TRAINING – With the paramedic profession being regulated by the Health and Care Professions Council and setting minimum standards for paramedics. All of the paramedics on scene were trained to deal with complicated trauma patients. The reality of the situation is that many had never been to a stabbing and most of the work of paramedics in the UK is done in small teams, usually 1 or 2 paramedics and another ambulance person who will likely not be trained to the level of a paramedic. This means that often when lots of paramedics get together who are used to working as independent clinicians there is confusion or blurred boundaries. As the scene had 8 staff of the same clinical grade (as paramedics) and all of those 8 were busy running kit/transporting the one patient alive or actively resuscitating the other patients.
This flat hierarchy with no clear structure meant that small isolated cells of clinicians focussed on what they were doing. This meant there were 3 separate groups working in isolation with a presumption that someone was in charge and coordinating the operation. This assuming someone else was considering scene safety and management may have been part of the reason why we perhaps did not have as clear a picture as we should have.
Perhaps another problem is the way in which scene management is taught. While we follow the DRCABC protocol (danger, response, critical hemorrhage, airway, breathing, circulation) and students are drilled in this it may have become something which is repeated but not really considered. A common thing to hear from students coming into scenarios is “considering scene safety: is the scene safe?” and perhaps this repetition of something which is considered a “formality” during training does not help. The UK paramedic works in a relatively safe environment and this in itself may mean that people become complacent and do not follow best practice in checking for scene safety.
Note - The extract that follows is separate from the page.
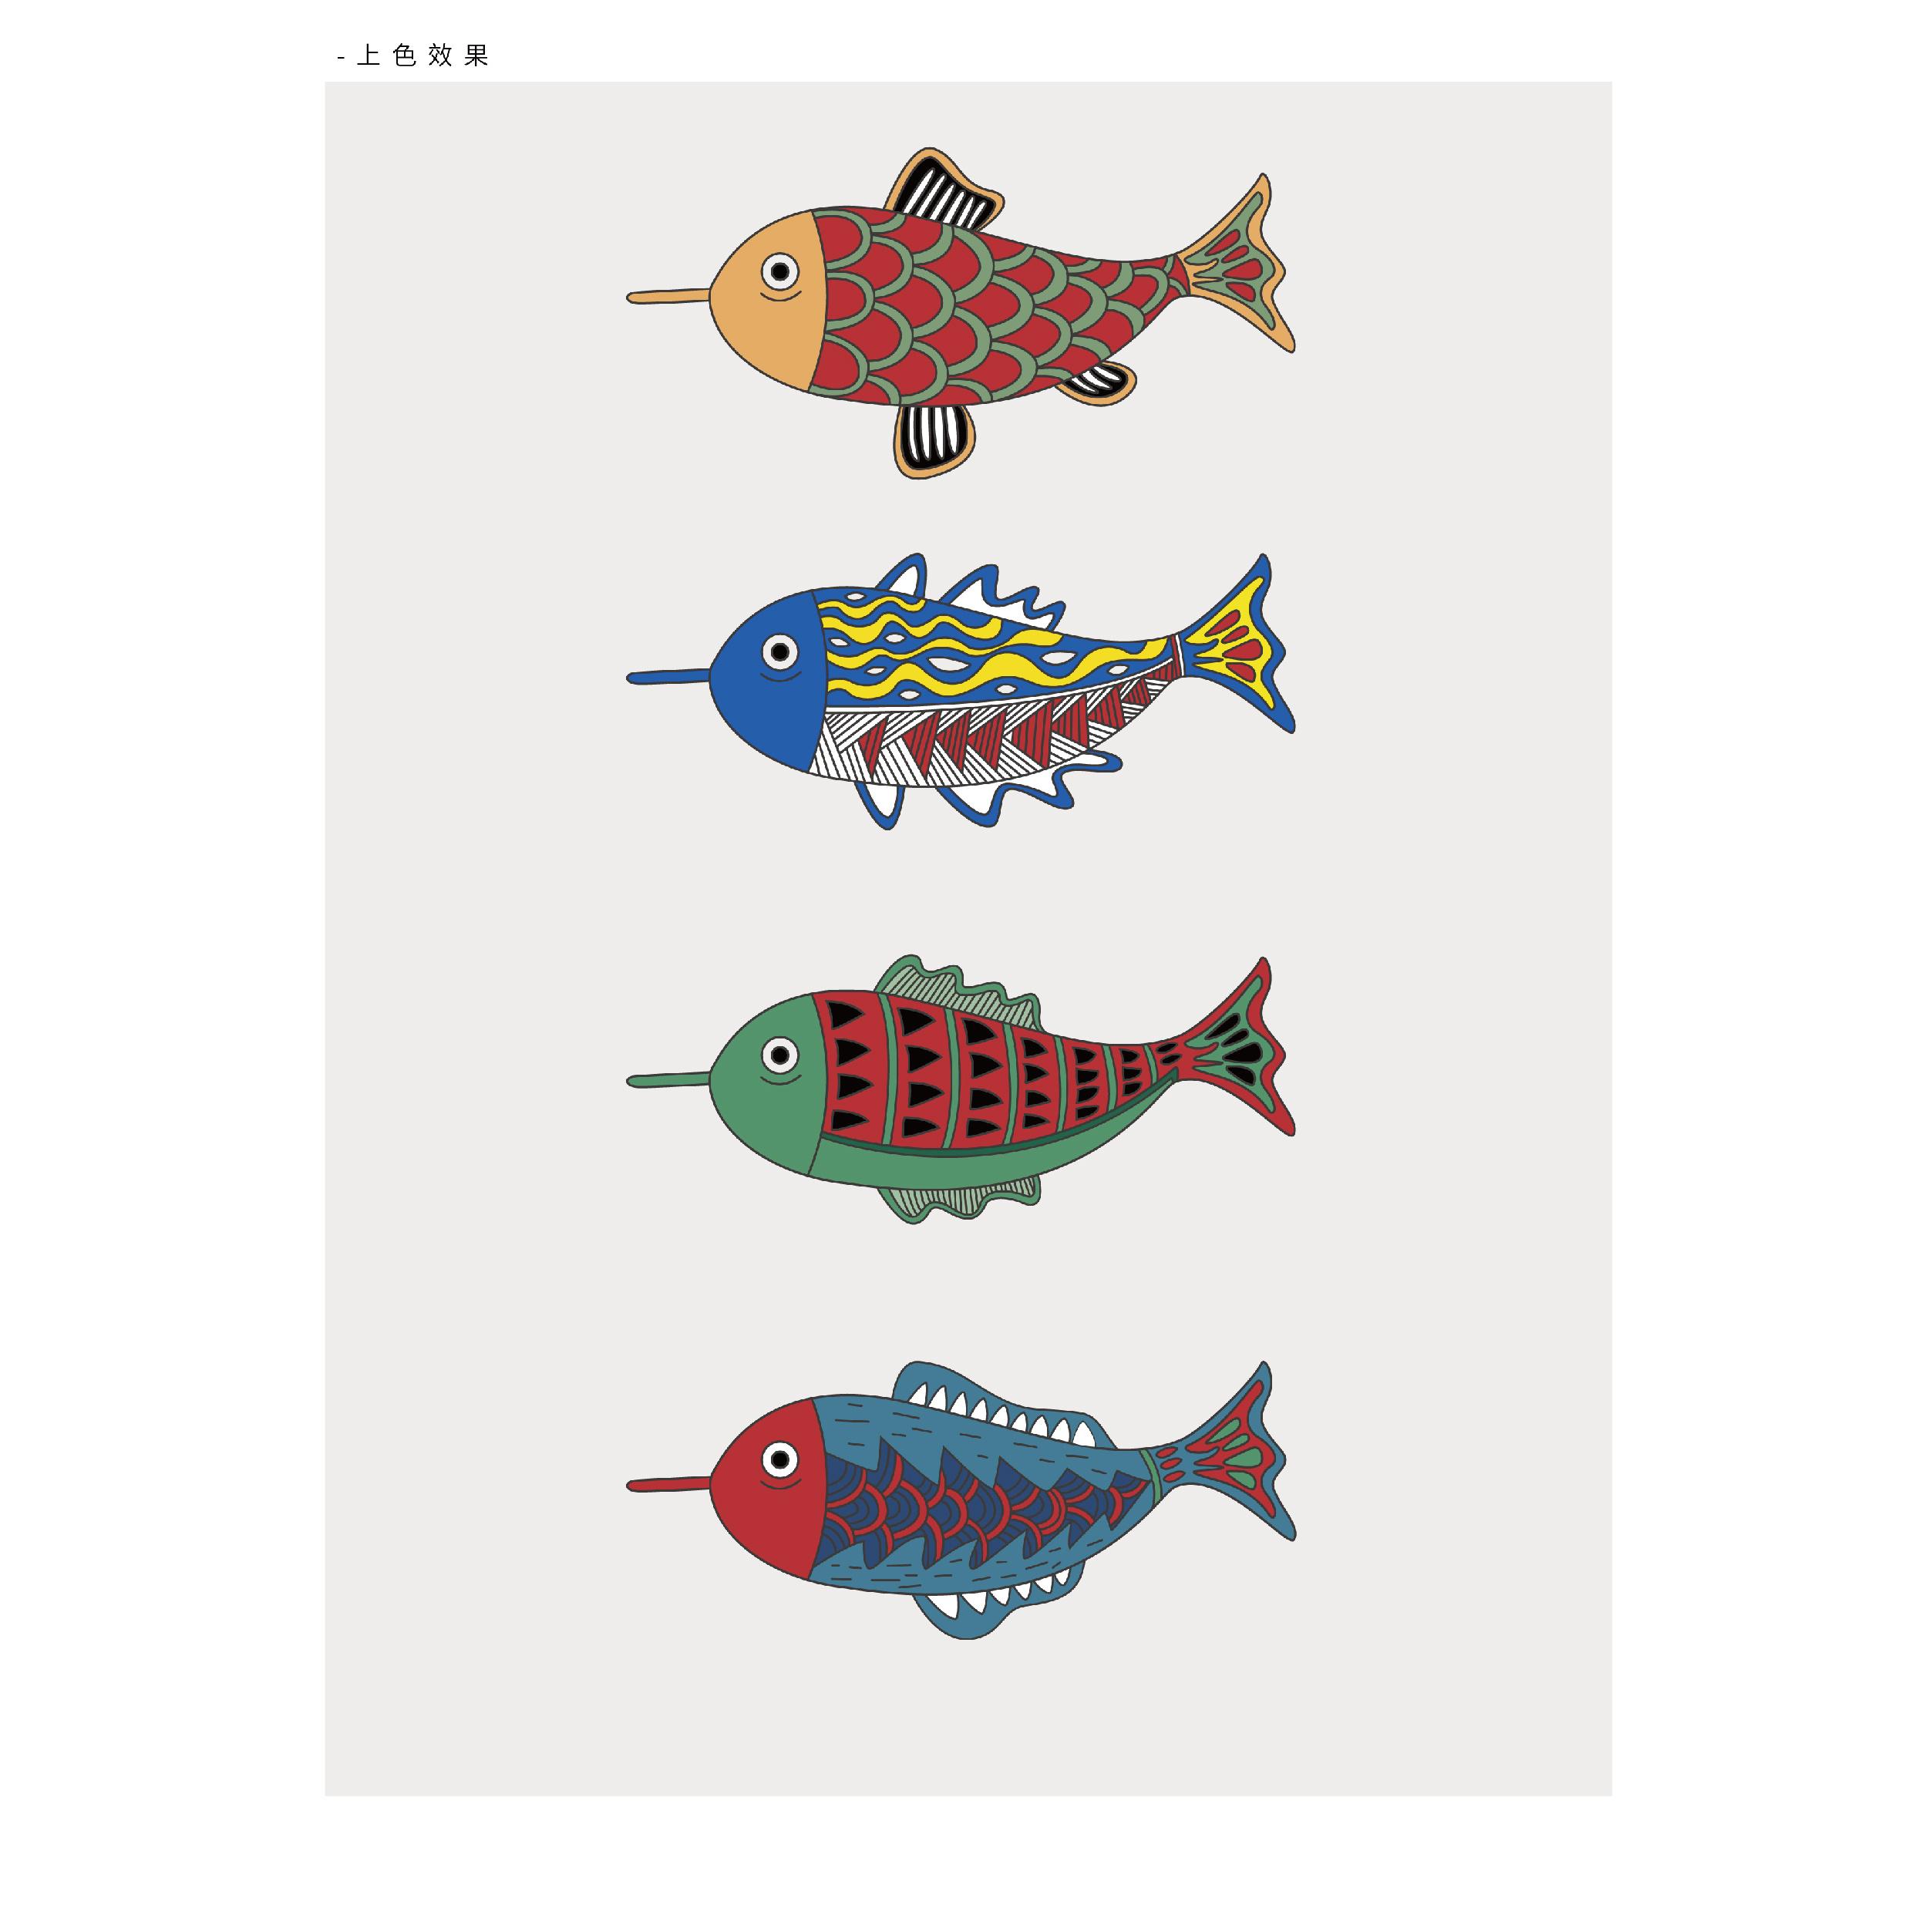 喜鱼-以鱼为元素作图形创意设计图片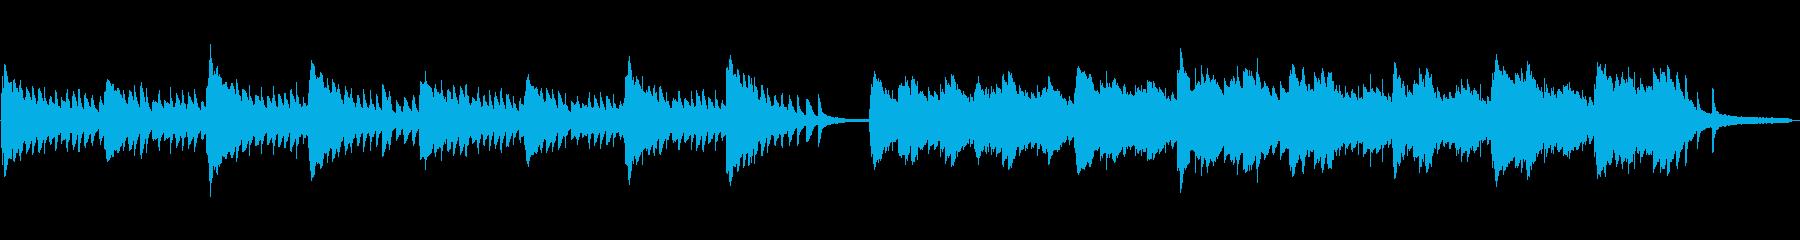 企業VP・CM用60秒の切ないピアノソロの再生済みの波形

In terms of the actual treatment the patients all received a very high standard of care, full advanced life support was carried out in accordance with the European Resuscitation Council guidelines and advanced skills such as intubation and needle chest decompression were applied. The outcome did not reflect this high standard of care although the team did provide good clinical care.
The idea of “bandwidth” is that a person can only focus on so many things at once, similar to bandwidth on a computer. The difference with a computer is that when bandwidth is exceeded with a computer it slows down or stops working, what is dangerous with people is that often they continue working but doing the job badly. If you imagine you only have so much that you can think about at a time then perhaps this job had too much going on, too many distractions.